Option 1: Docker (Development)

One-liner for local development:

docker run --rm -d --name temporal-dev -p 7233:7233 temporalio/auto-setup:latest

Option 2: Temporalite (Development)

go install go.temporal.io/server/cmd/temporalite@latest
temporalite start

Option 3: Temporal Cloud (Production)

Option 4: Self-Hosted (Production)

Deploy Temporal using Docker Compose or Kubernetes. See the Temporal documentation for deployment guides.

Runtime Configuration

Goa-AI abstracts the execution backend behind the Engine interface. Swap engines without changing agent code:

In-Memory Engine (development):

// Default: no external dependencies
rt := runtime.New()

Temporal Engine (production):

import (
    runtimeTemporal "goa.design/goa-ai/runtime/agent/engine/temporal"
    "go.temporal.io/sdk/client"
)

temporalEng, err := runtimeTemporal.New(runtimeTemporal.Options{
    ClientOptions: &client.Options{
        HostPort:  "127.0.0.1:7233",
        Namespace: "default",
    },
    WorkerOptions: runtimeTemporal.WorkerOptions{
        TaskQueue: "orchestrator.chat",
    },
})
if err != nil {
    panic(err)
}
defer temporalEng.Close()

rt := runtime.New(runtime.WithEngine(temporalEng))

Configuring Activity Retries

Tool calls are Temporal activities. Configure retries per toolset in the DSL:

Use("external_apis", func() {
    // Flaky external services: retry aggressively
    ActivityOptions(engine.ActivityOptions{
        Timeout: 30 * time.Second,
        RetryPolicy: engine.RetryPolicy{
            MaxAttempts:        5,
            InitialInterval:    time.Second,
            BackoffCoefficient: 2.0,
        },
    })
    
    Tool("fetch_weather", "Get weather data", func() { /* ... */ })
    Tool("query_database", "Query external DB", func() { /* ... */ })
})

Use("local_compute", func() {
    // Fast local tools: minimal retries
    ActivityOptions(engine.ActivityOptions{
        Timeout: 5 * time.Second,
        RetryPolicy: engine.RetryPolicy{
            MaxAttempts: 2,
        },
    })
    
    Tool("calculate", "Pure computation", func() { /* ... */ })
})

Worker Setup

Workers poll task queues and execute workflows/activities. Workers are automatically started for each registered agent—no manual worker configuration needed in most cases.

Best Practices

Use separate namespaces for different environments (dev, staging, prod)
Configure retry policies per toolset based on reliability characteristics
Monitor workflow execution using Temporal’s UI and observability tools
Set appropriate timeouts for activities—balance reliability vs. hung detection
Use Temporal Cloud for production to avoid operational burden

Streaming UI

This section shows how to stream agent events to UIs in real-time using Goa-AI’s streaming infrastructure.

Overview

Goa-AI exposes per-run streams of typed events that can be delivered to UIs via:

Server-Sent Events (SSE)
WebSockets
Message buses (Pulse, Redis Streams, etc.)
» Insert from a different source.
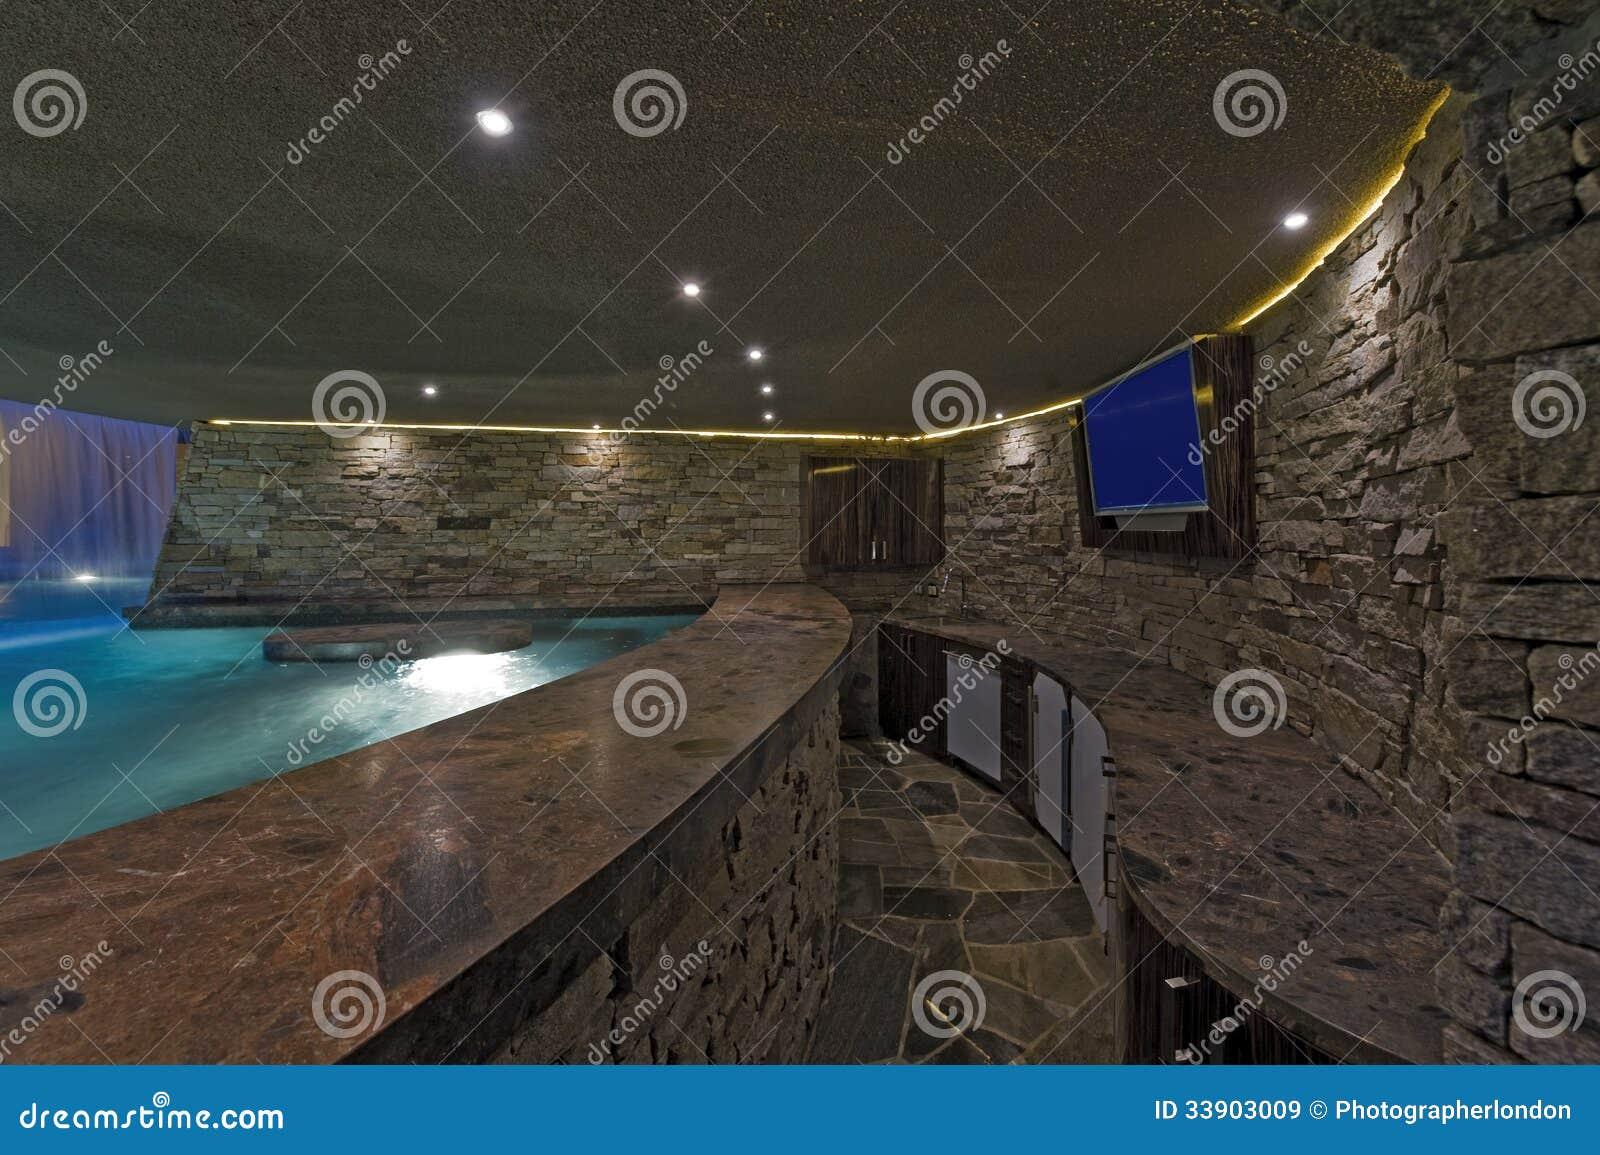 Piscine avec la tv sur le mur en pierre images libres de droits image 3390 - Chambre avec mur en pierre ...

Each workflow run has its own stream; when agents call other agents as tools, the runtime starts child runs and links them using AgentRunStarted events and RunLink handles. UIs can subscribe to any run by ID and choose how much detail to render.

Stream Sink Interface

Implement the stream.Sink interface:

type Sink interface {
    Send(ctx context.Context, event stream.Event) error
    Close(ctx context.Context) error
}

Event Types

The stream package defines concrete event types that implement stream.Event. Common ones for UIs are:

Event Type	Description
`AssistantReply`	Assistant message chunks (streaming text)
`PlannerThought`	Planner thinking blocks (notes and structured reasoning)
`ToolStart`	Tool execution started
`ToolUpdate`	Tool execution progress (expected child count updates)
`ToolEnd`	Tool execution completed (result, error, telemetry)
`AwaitClarification`	Planner is waiting for human clarification
`AwaitExternalTools`	Planner is waiting for external tool results
`Usage`	Token usage per model invocation
`Workflow`	Run lifecycle and phase updates
`AgentRunStarted`	Link from a parent tool call to a child agent run

Transports typically type-switch on stream.Event for compile-time safety:

switch e := evt.(type) {
case stream.AssistantReply:
    // e.Data.Text
case stream.PlannerThought:
    // e.Data.Note or structured thinking fields
case stream.ToolStart:
    // e.Data.ToolCallID, e.Data.ToolName, e.Data.Payload
case stream.ToolEnd:
    // e.Data.Result, e.Data.Error, e.Data.ResultPreview
case stream.AgentRunStarted:
    // e.Data.ToolName, e.Data.ToolCallID, e.Data.ChildRunID, e.Data.ChildAgentID
}

Example: SSE Sink

type SSESink struct {
    w http.ResponseWriter
}

func (s *SSESink) Send(ctx context.Context, event stream.Event) error {
    switch e := event.(type) {
    case stream.AssistantReply:
        fmt.Fprintf(s.w, "data: assistant: %s\n\n", e.Data.Text)
    case stream.PlannerThought:
        if e.Data.Note != "" {
            fmt.Fprintf(s.w, "data: thinking: %s\n\n", e.Data.Note)
        }
    case stream.ToolStart:
        fmt.Fprintf(s.w, "data: tool_start: %s\n\n", e.Data.ToolName)
    case stream.ToolEnd:
        fmt.Fprintf(s.w, "data: tool_end: %s status=%v\n\n",
            e.Data.ToolName, e.Data.Error == nil)
    case stream.AgentRunStarted:
        fmt.Fprintf(s.w, "data: agent_run_started: %s child=%s\n\n",
            e.Data.ToolName, e.Data.ChildRunID)
    }
    s.w.(http.Flusher).Flush()
    return nil
}

func (s *SSESink) Close(ctx context.Context) error {
    return nil
}

Per-Run Subscription

Subscribe to a specific run’s events:

sink := &SSESink{w: w}
stop, err := rt.SubscribeRun(ctx, runID, sink)
if err != nil {
    return err
}
defer stop()

Global Stream Sink

To stream all runs through a global sink (for example, Pulse), configure the runtime with a stream sink:

rt := runtime.New(
    runtime.WithStream(pulseSink), // or your custom sink
)

The runtime installs a default stream.Subscriber that:

maps hook events to stream.Event values
uses the default StreamProfile, which emits assistant replies, planner thoughts, tool start/update/end, awaits, usage, workflow, and AgentRunStarted links, with child runs kept on their own streams

Stream Profiles

Not every consumer needs every event. Stream profiles filter events for different audiences, reducing noise and bandwidth for specific use cases.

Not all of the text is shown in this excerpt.